On Being Ted Mosby

If you’ve never seen How I Met Your Mother, you should go watch it. Like, ASAP. It made me laugh, made me cry, and made me realize a lot about myself as a person.

For those of you unfamiliar with the show, it centers around a guy named Ted and his interactions with his four best friends. I’m not really good with explaining TV shows, so you should either watch it or Google it for any information beyond that.

Ted is somewhat obsessed with finding his soulmate. He bounces from girl to girl throughout the episodes, sure every time that he has found his future wife. As the show progresses, everyone else is happy and he… isn’t.

I’m afraid that I’m becoming Ted Mosby.

I’m not even twenty and I’m already terrified that I’m just not going to find my person. I feel like I bounce from relationship to relationship because I’m trying to find something perfect that isn’t going to exist for me for a while. And I don’t know how to stop.

Well, kind of. I think I’m going to take a break from dating for a while. I deserve it.

The thing is, these women don’t really change Ted that much. He’s a fully formed person. I’ve changed a lot in a year but it’s not boys that change me. I am myself and I am proud of who I am as a person. I don’t want anyone to change me. I just want someone who compliments me.

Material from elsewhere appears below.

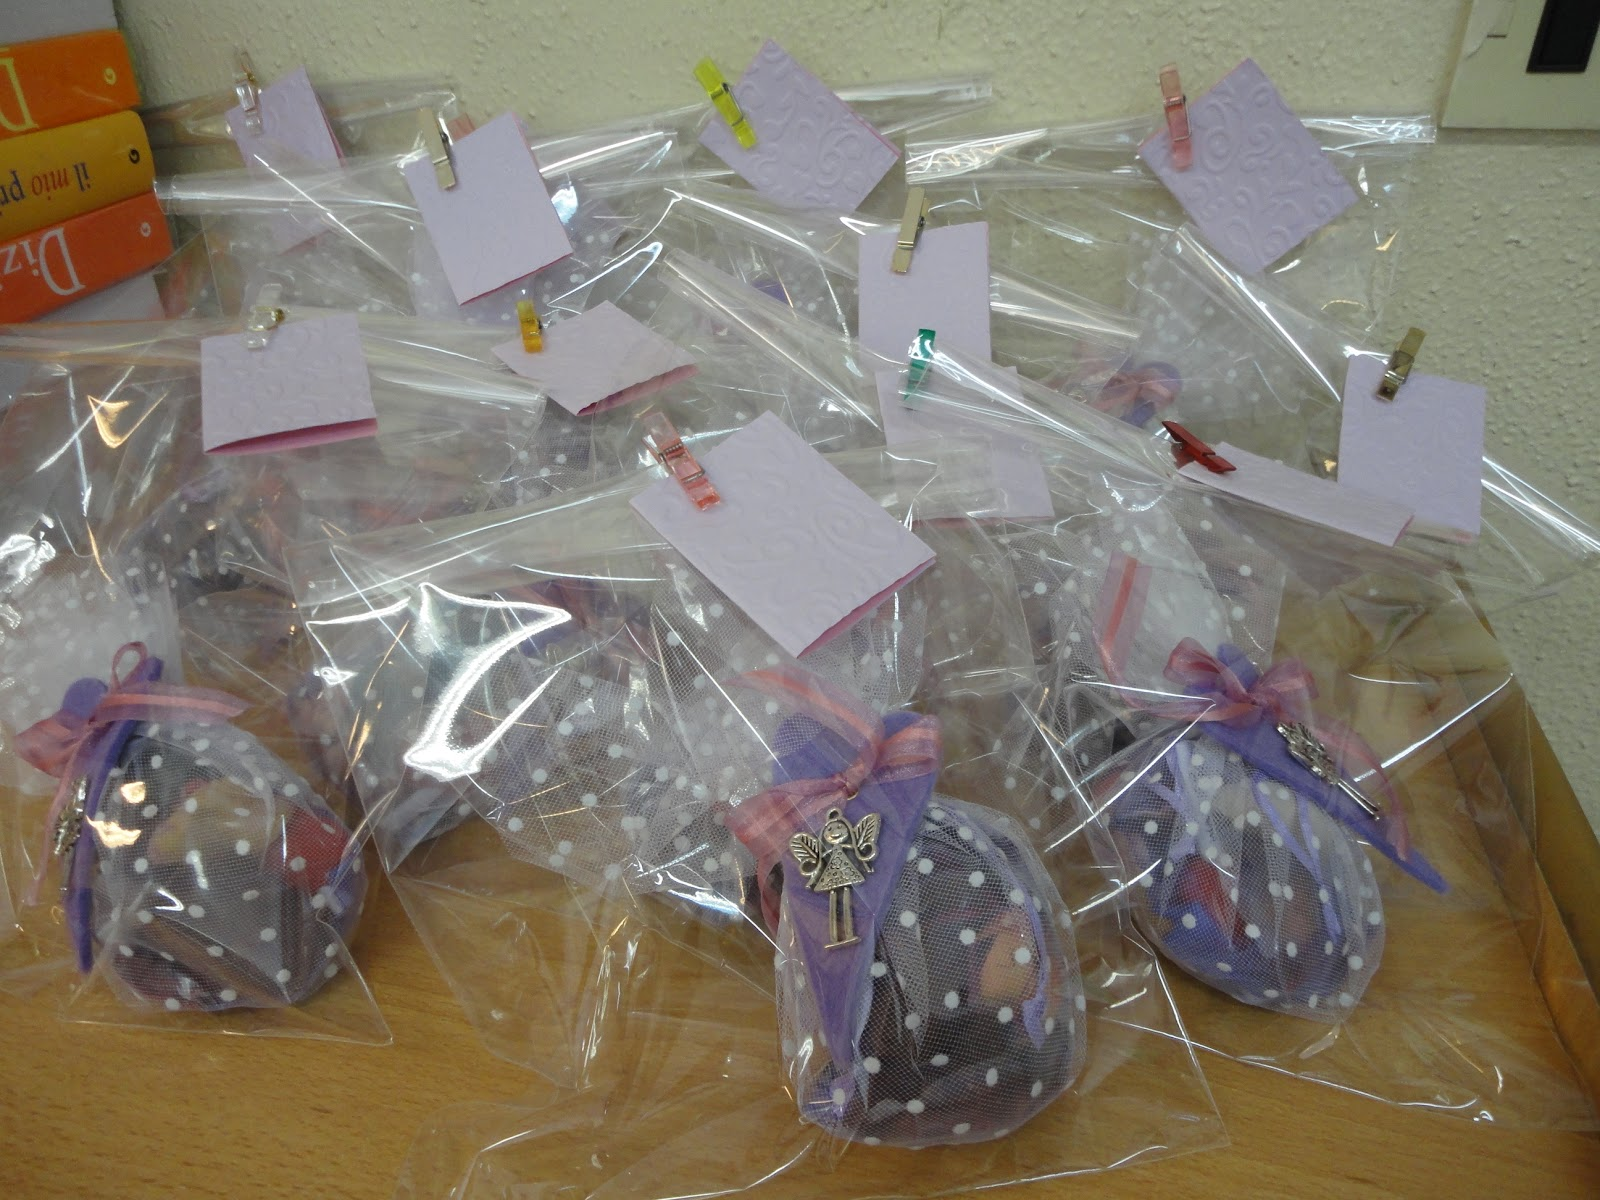 Il laboratorio creativo di ciccia maggio 2012 - Porta pout pourri ...

I know that this all sounds completely ridiculous because I’m young. But why does it have to? Why can’t I be a career and goal driven woman that also wants to settle down young? Why can’t I want to be happy with someone else? Why does everyone tell me that I’m rushing my life when I already know what I want?

I suppose that I really do sound like Ted Mosby right now, and that he annoys a lot of people. I’m especially frustrated because someone called me a “perpetual girlfriend” the other day and I don’t think that’s a fair term. I choose who I am. I choose who I date. I choose not to do casual hook-ups, but committed relationships. I’m writing my own story – but I don’t want to write alone anymore.

Sorry I’m ranting. I swear that this had a lot more direction when I was writing it in my head. Either way, I’m Ted Mosby right now and I want to be Lily Aldrin. I suppose that I should just be more patient.